Exelixis Surges 35.2% in Three Months: Is it a Buy or Sell?

Exelixis (EXEL) has surged 35.2% in the past three months, outperforming the industry and the S&P 500 Index. The company announced positive top-line results from the late-stage STELLAR-303 study, boosting its stock. The study met one of its dual primary endpoints, demonstrating a statistically significant improvement in overall survival for zanzalintinib in combination with Tecentriq compared with the current standard-of-care drug, regorafenib. EXEL's lead drug, Cabometyx, maintains its status as the leading TKI for RCC treatment, with strong demand for the combination with Opdivo.

Exelixis (EXEL) has demonstrated robust performance over the past three months, surging 35.2% and outperforming the broader biotech industry and the S&P 500 Index. The company's stock received a significant boost following the announcement of positive top-line results from the late-stage STELLAR-303 study. This study, which evaluated zanzalintinib in combination with Tecentriq, met one of its dual primary endpoints, showing a statistically significant improvement in overall survival (OS) compared to the current standard-of-care drug, regorafenib [2].

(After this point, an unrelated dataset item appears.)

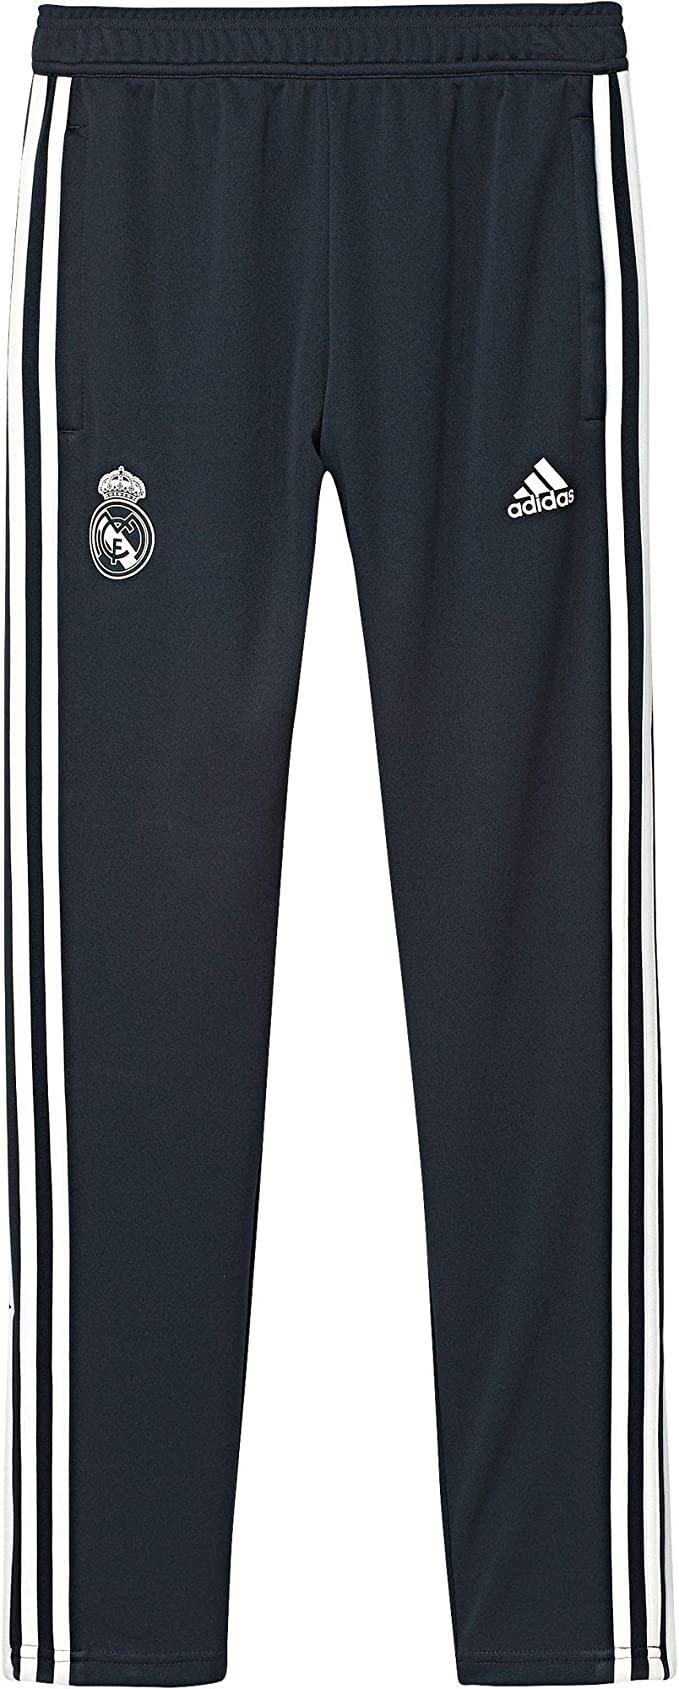 Apellido Bienvenido Intentar  Amazon.com : adidas 2018-2019 Real Madrid Training Pants (Dark Grey) - Kids  : Clothing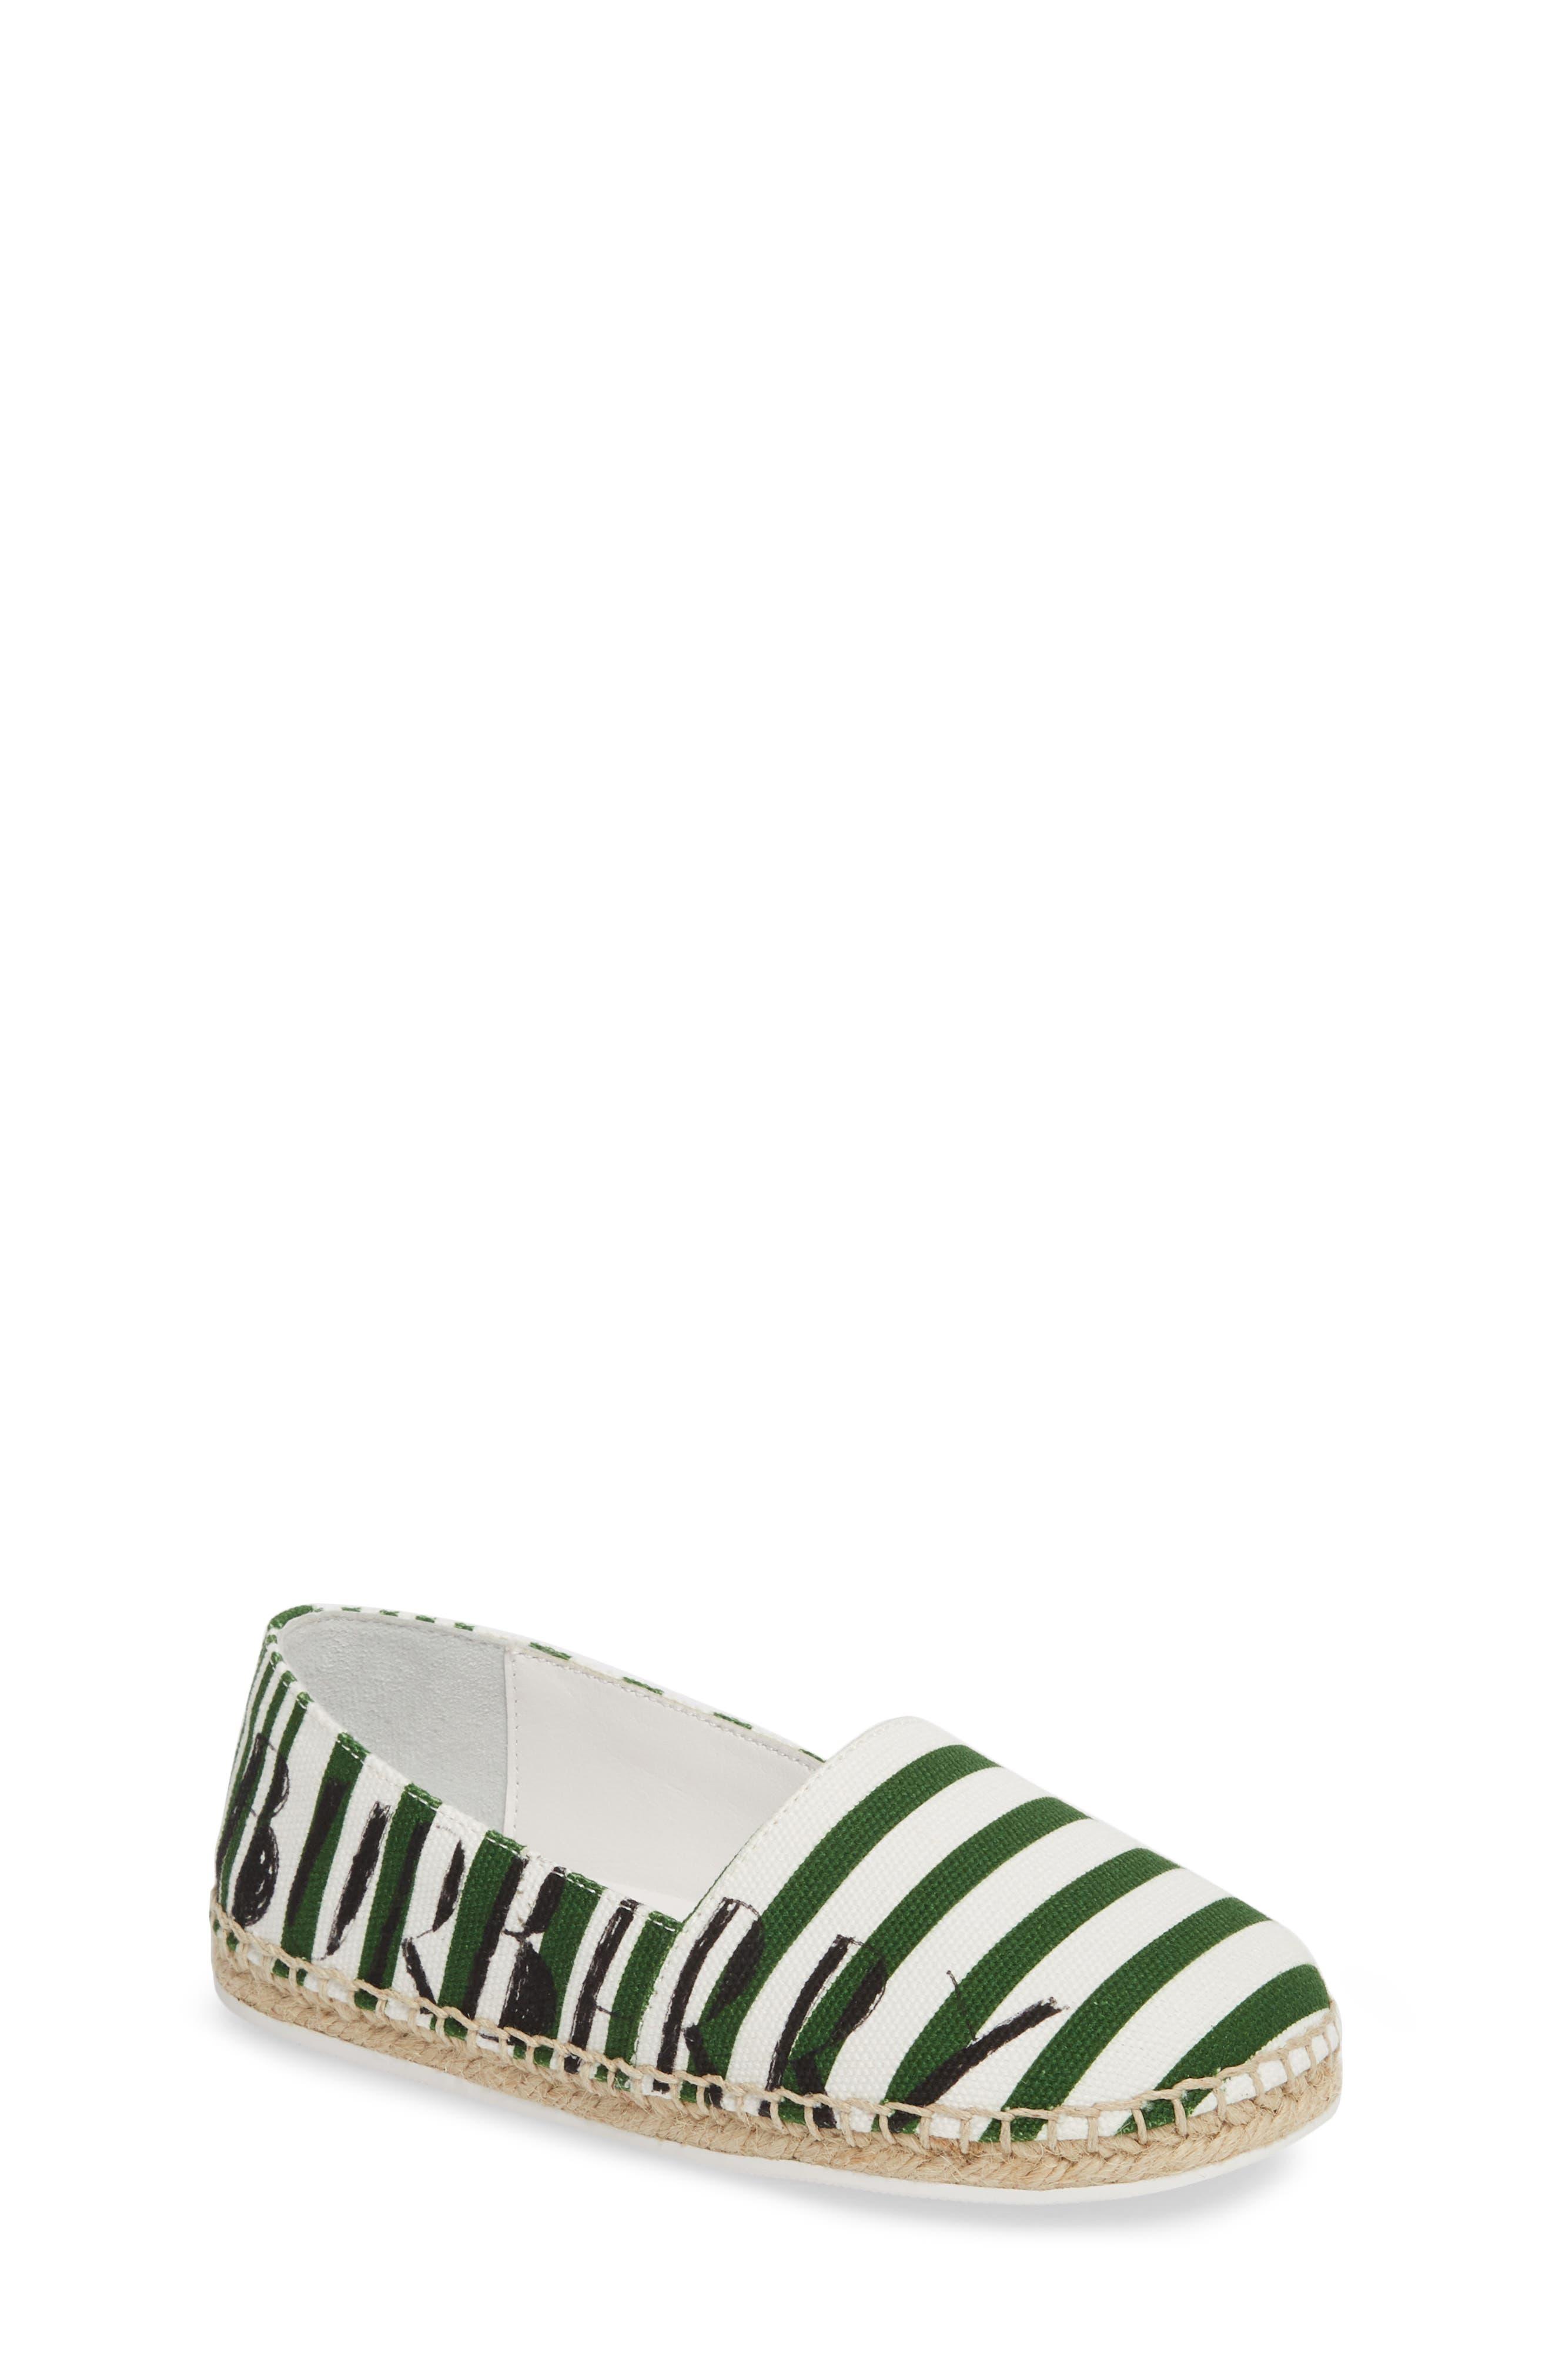 Peckfield Espadrille Slip-On,                         Main,                         color, BRIGHT FERN GREEN

The positive results from STELLAR-303 are a pivotal achievement for Exelixis, increasing the likelihood of regulatory success for zanzalintinib. This drug is currently being developed for the treatment of advanced solid tumors, including colorectal cancer, kidney cancer, head and neck cancer, and neuroendocrine tumors. Additionally, Exelixis has collaborated with Merck (MRK) to evaluate zanzalintinib in combination with Merck's blockbuster anti-PD-1 therapy, Keytruda (pembrolizumab), in a late-stage study for treating patients with head and neck squamous cell carcinoma (HNSCC) [2].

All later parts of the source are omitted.